Let’s return to our hypothetical commuting example from above, where we imagine that your morning commute consists of walking to a metro station, taking a train, and then walking the rest of the way to work. The sources of statistical uncertainty include the typical random fluctuations subject to repeated measurement over time, like:

how long you have to wait for each green “Walk” sign.
how long you have to wait on the metro platform.
how long the elevator takes to arrive.
whether rain affects your commute.

You may have heard it said that “history doesn’t repeat itself, but it does rhyme.” One working definition of “statistical uncertainty” might be: “uncertainty about the stuff that rhymes.”

On the other hand, the sources of non-statistical uncertainty on your morning commute include major systematic distortions or departures from the past, like:

whether they suddenly close the subway line for emergency repairs.
whether state-sponsored hackers break into the metro’s computers and shut down the whole system.
whether a global pandemic forces you to work from home, rendering your commute time zero.
whether a piano-moving company accidentally drops a piano on your head while you’re walking down the street, rendering your commute time infinite (and irrelevant).

The point about this latter type of uncertainty is that the chance of any particular crazy thing, like the global pandemic or the piano falling on your head, is so rare, and so difficult to quantify using data, that you probably never even considered it. But the probability of at least one crazy thing happening isn’t necessarily negligible. (See: Covid.) This is a very real source of uncertainty. It’s just not what we measure when we measure statistical uncertainty.

Moreover, while this is an important limitation, it isn’t necessarily a bad limitation. And it’s definitely not, as some folks have tried to argue, an indictment of the whole concept of statistical uncertainty. After all, do you really want Google Maps to give you a commute-time forecast that tries to incorporate all the crazy things that might happen? If your goal is to decide when you should leave for work to be pretty sure that you’ll make your 9 AM meeting, a forecast that says “your commute time today will be between zero and infinity, because pandemic or piano” is frankly a useless forecast.

Example 2: dessert again

So now let’s apply the same logic to our hypothetical dessert survey, which presents a more traditional kind of statistics problem. The source of statistical uncertainty here is obvious: we survey 100 people randomly. Therefore two random surveys would reach two different sets of 100 people, giving us two different answers. We have to account for this by reporting error bars, based on the sampling distribution.

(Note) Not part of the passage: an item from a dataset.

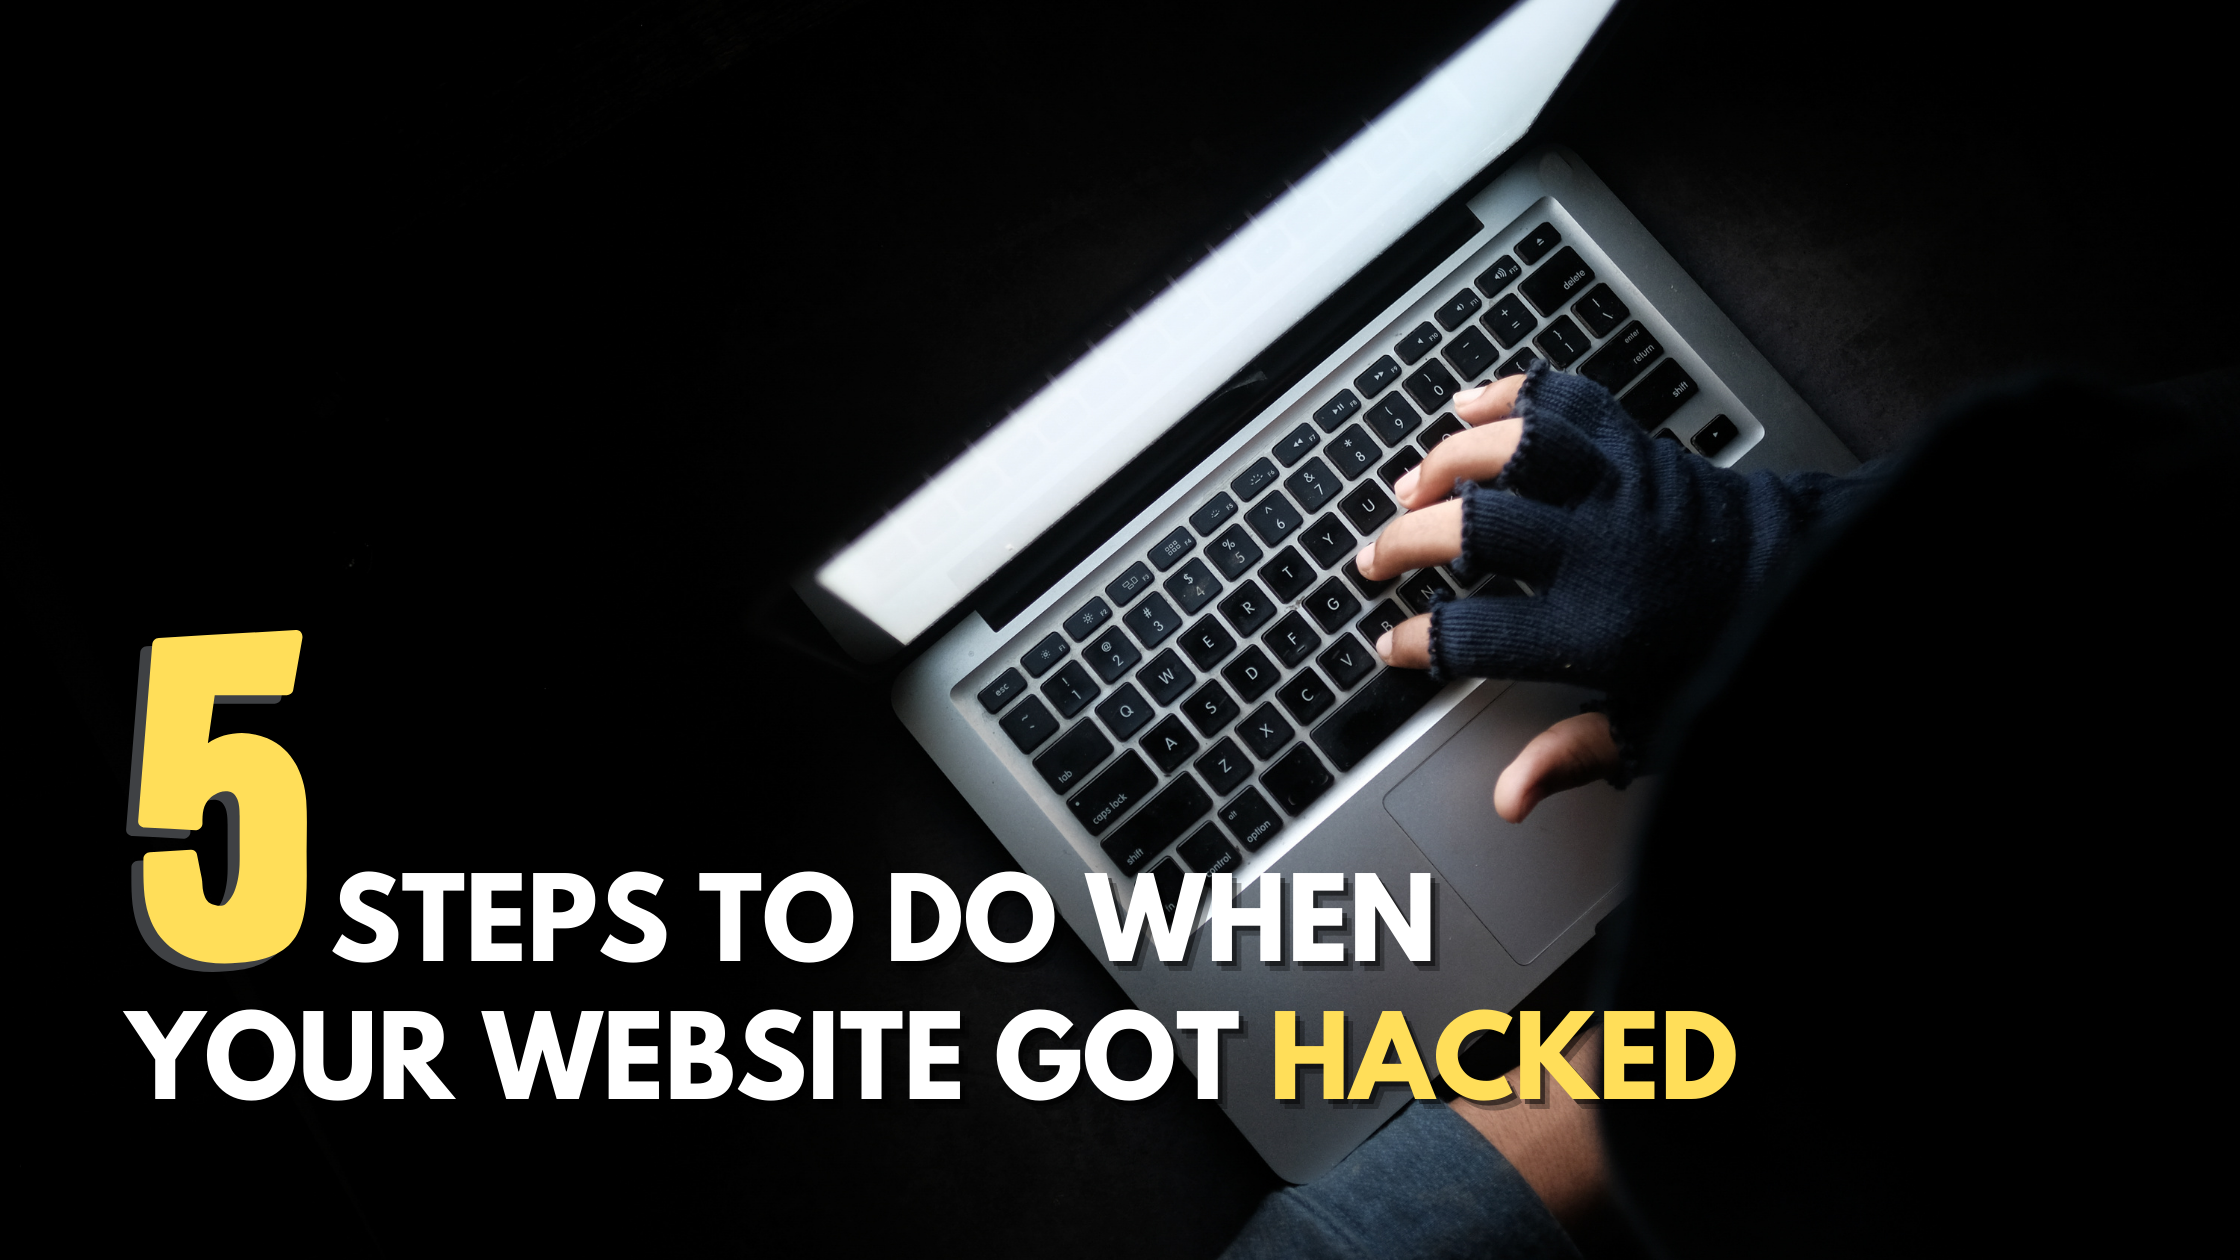 5 Steps To Do When Your Website Got Hacked

But there are also some very real sources of non-statistical uncertainty here as well, involving the possibility of major systematic distortions in our measurement process. Roughly speaking, these are the survey equivalents of pandemics and dropped pianos, except that they’re much more common. For example:

Is our survey biased? Maybe we systematically over-sampled people from the Pacific Northwest, where huckleberries actually grow, and where huckleberry pie is therefore popular. In the survey world, this is called “sampling bias” or “design bias.”
Are some people more likely to respond to our survey than others? This can happen even if our survey was unbiased in whom it reached; in the survey world, it’s called “nonresponse bias.” Maybe, for example, you got more responses from Boston, with a large population of tiramisu fans who believe that huckleberry pie is a threat to American dessert and are notably eager to share their reasoning. Or maybe the people who like huckleberry pie are secretly embarrassed about their preference, and therefore less likely to answer honestly when asked about it by a stranger over the phone.
Did we ask a leading question? Maybe rather than asking about “huckleberry pie,” we instead used a British English term for the same fruit and asked about “whortleberry pie” or “bilberry pie”—which, to an American ear at least, sound uncomfortably close to non-dessert words like “hurl” and “bilge,” or perhaps at best like desserts that Severus Snape might have eaten. No doubt this would bias the results in favor of tiramisu. (And if we received funding to conduct our survey from the National Tiramisu Council, we might feel some pressure, whether consciously or unconsciously, to do this.)
Might people’s preferences change? Maybe somebody tells you over the phone today that they prefer huckleberry pie, but then when they show up next week at the dinner table and cast their vote in the big dessert election, they change their mind and say, “Tiramisu, please.” Hey, it happens!

The possible presence of a bias, or a change in the underlying reality, should make us uncertain in interpreting the results from our survey. But these uncertainties are not directly measured by the sampling distribution—and by extension, they are not encompassed by the idea of statistical uncertainty. The sampling distribution measures random or repeatable contributions to uncertainty. It doesn’t measure systematic or non-random distortions of our measurement process, even though these also contribute to our real-world uncertainty.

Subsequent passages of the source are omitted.